Мистер Флоски (листая страницы):

- "Тумандагиль" {31}, роман. Гм. Ненависть, мстительность, мизантропия

и цитаты из Библии. Гм. Патологическая анатомия черной желчи. Так... "Пол

Джонс", поэма. Гм. Понимаю. Пол Джонс, прелестный и восторженный юноша...

разочарованный в лучших чувствах... становится пиратом с тоски и от величия

души... режет глотки многим мужчинам, покоряет сердца многих женщин... и,

наконец, вздернут на нок-рее! Развязка весьма искусственна и непоэтична

{32}. "Даунингстритское обозрение" {33}. Гм. Первая статья. "Ода к "Красной

книге"", Родерик Винобери {34}, эсквайр. Гм. Разбор собственного сочинения.

Гм-м.

(Мистер Флоски молча просматривает остальные статьи в журнале;

Марионетта листает роман, а мистер Лежебок поэму.) Его преподобие мистер

Горло:

- Вы такой светский молодой человек и такого высокого рода, мистер

Лежебок, а тем не менее весьма прилежны.

Его сиятельство мистер Лежебок:

- Прилежен! Вы изволите шутить, мистер Горло. Какое же может быть у

меня прилежание? Образование мое уже закончено. Но есть модные книги,

которые нельзя не прочесть, потому что все о них говорят; а в остальном я не

больший охотник до чтения, чем, извините мою смелость, вы сами, мистер

Горло.

Его преподобие мистер Горло:

- Отчего же, сэр? Не могу сказать, чтобы я уж очень любил книги; однако

ж я и не то чтобы вовсе никогда ничего не читал. Прочитать иной раз вслух

занимательный рассказец или поэмку в кругу дам, занятых рукоделием, не

значит еретически употребить свои голосовые данные, сэр. И мне кажется, сэр,

мало кто с таким достойным Иова долготерпеньем сносит вечные вопросы и

ответы, которые так и сыпятся вперемежку в самых интересных местах и

нагнетают напряженье. Его сиятельство мистер Лежебок:

- А часто и создают напряжение там, где у автора его незаметно.

Марионетта:

- Надо мне как-нибудь в плохую погоду испытать ваше долготерпенье,

мистер Горло; а мистер Лежебок назовет нам новейшую из новинок, которую все

читают.

Его сиятельство мистер Лежебок:

- Вы получите ее, мисс О'Кэррол, во всем блеске новизны; свеженькую,

как спелая слива, только с ветки, вся в пушку; вы получите ее почтой из

Эдинбурга с нарочным из Лондона.

Мистер Флоски:

- Эта жажда новизны губит литературу.
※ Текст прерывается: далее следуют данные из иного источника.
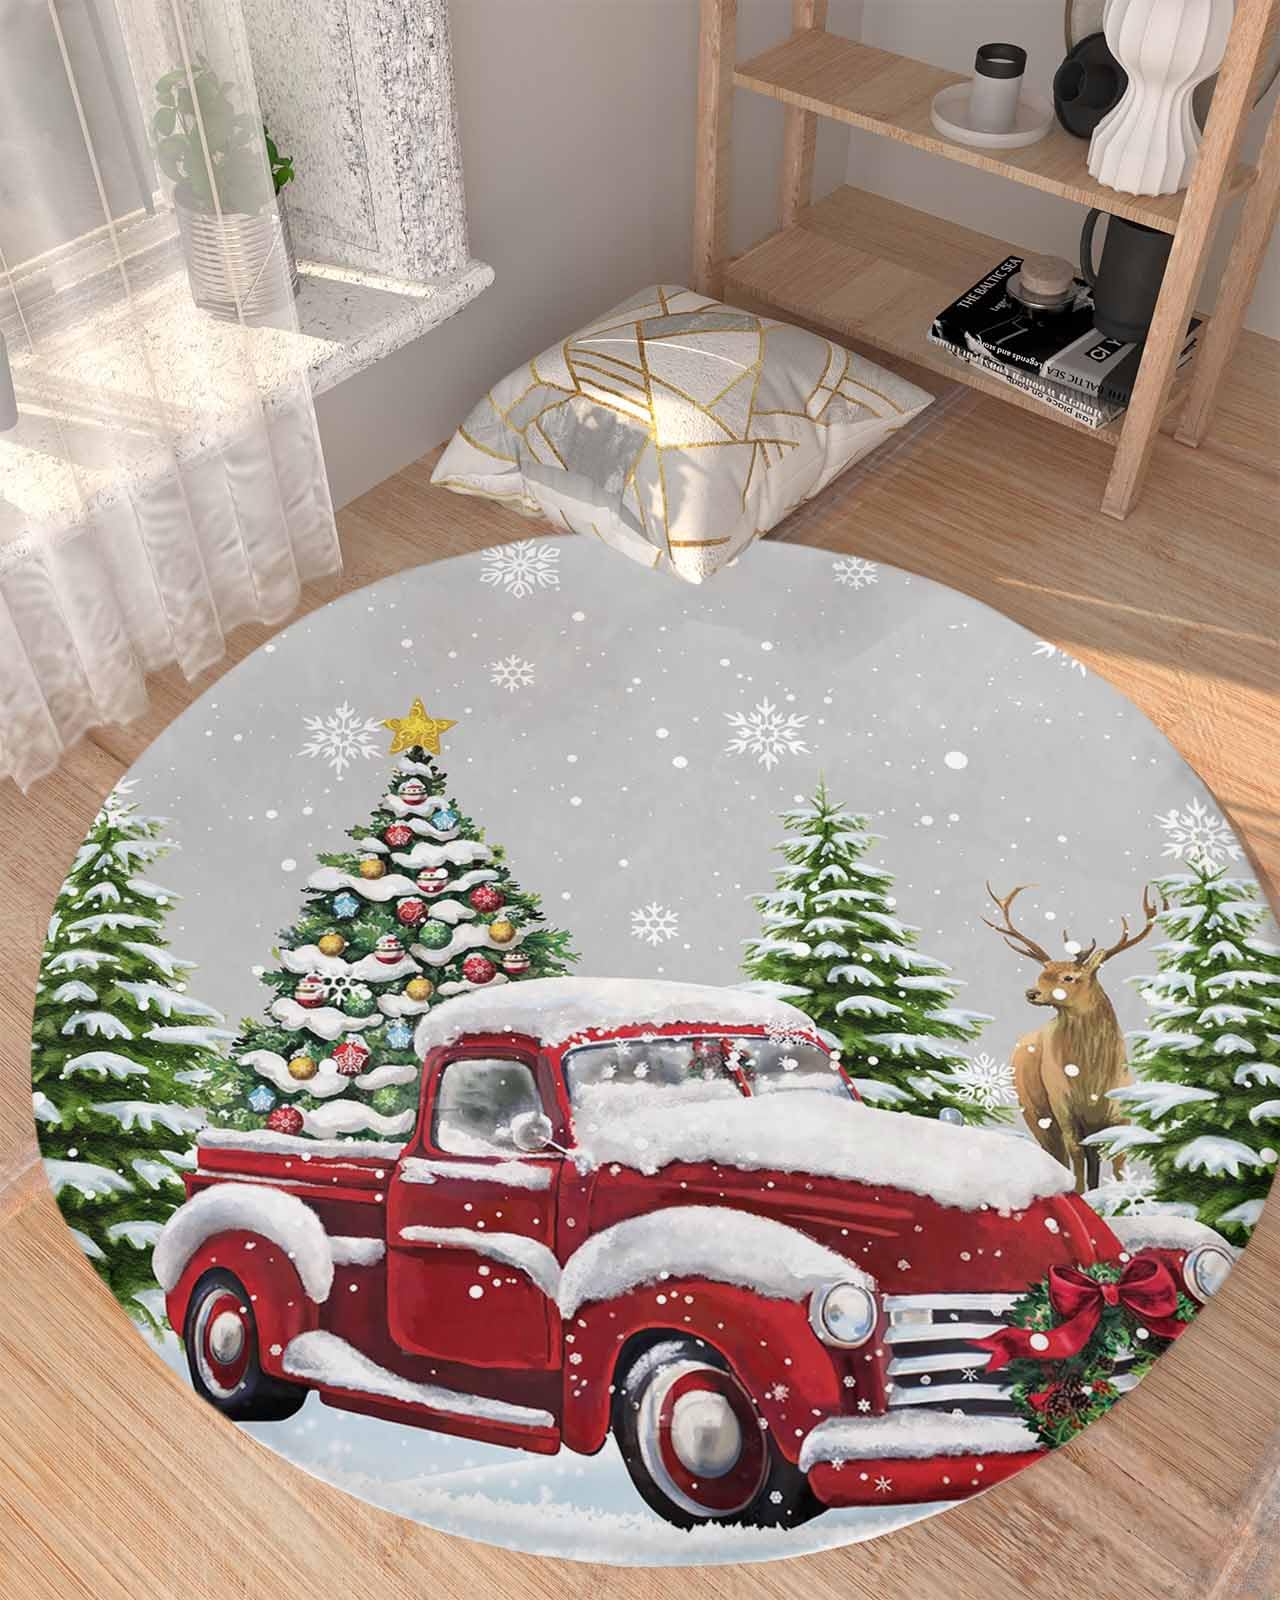 Christmas Fluffy Round Area Rug Carpets 3ft, Plush Shaggy Carpet Soft Circular Rugs, Non-Slip Fuzzy Accent Floor Mat for Living Room Bedroom Nursery Decor Snowy Red Truck Forest Winter Elk Tree Grey
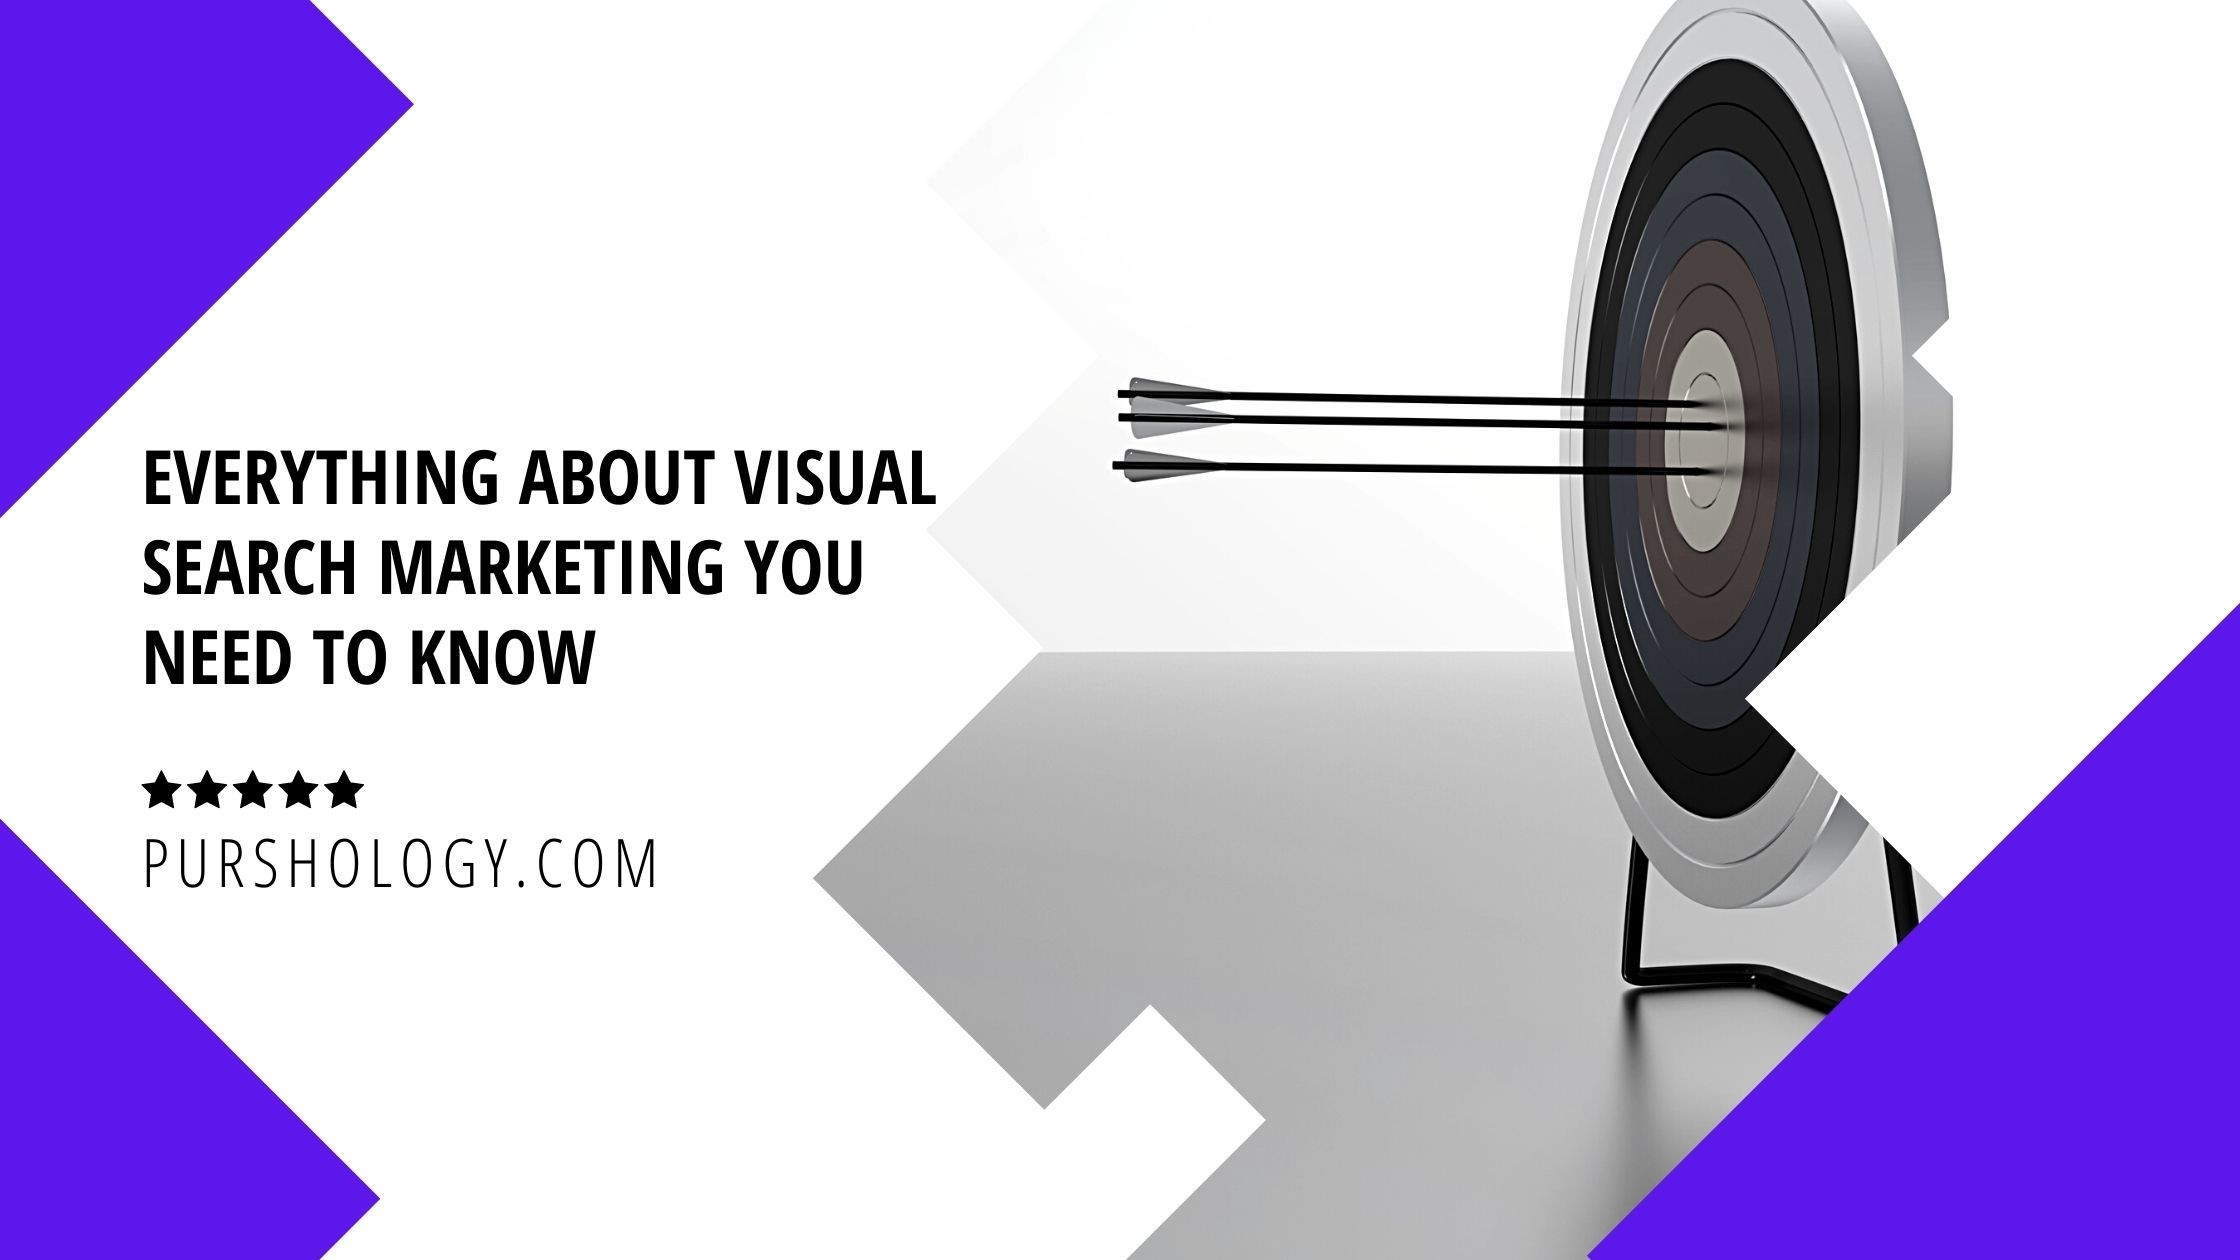 Everything About Visual Search Marketing You Need to Know

Кроме моих произведений да еще

кое-кого из моих друзей, все, что появилось после старика Джереми Тэйлора

{36}, никуда не годится; и, entre nous, лучшее в книгах моих друзей написано

либо придумано мною {37}.

Его сиятельство мистер Лежебок:

- Я глубоко чту вас, сэр. Но, признаюсь, книги нынешние созвучны моим

чувствам. Будто восхитительный северо-восточный ветер, отравляющий мысль и

душу, прошелся по их страницам; чарующая мизантропия и мрачность доказывают,

сколь ничтожны деятельность и добродетель, и окончательно примиряют меня с

самим собою и моим диваном.

Мистер Флоски:

- Совершенно верно, сэр. Нынешняя литература - северо-восточный ветер,

губящий души. И должен признать, в том немалая моя заслуга. Чтобы получить

прекрасный плод, надобно погубить цветок. Парадокс, скажете вы? Вот и

прекрасно. Подумайте над ним.

Беседа была прервана появлением мистера Гибеля. Он показался в дверях,

весь покрытый грязью, проговорил:

- К вам сошел диавол, - и тотчас исчез.

Дорога, соединявшая Кошмарское аббатство с цивилизованным миром, была

искусственно поднята над уровнем болот и шла сквозь них прямой чертой,

насколько хватал глаз; а по обеим сторонам ее тянулись канавы, причем воду в

них совершенно скрывала водная растительность. И в одну из этих канав, из-за

странного поступка лошади, прянувшей от ветряной мельницы, опрокинулась

бричка мистера Гибеля, которому пришлось в глубокой тоске выпрыгнуть в окно.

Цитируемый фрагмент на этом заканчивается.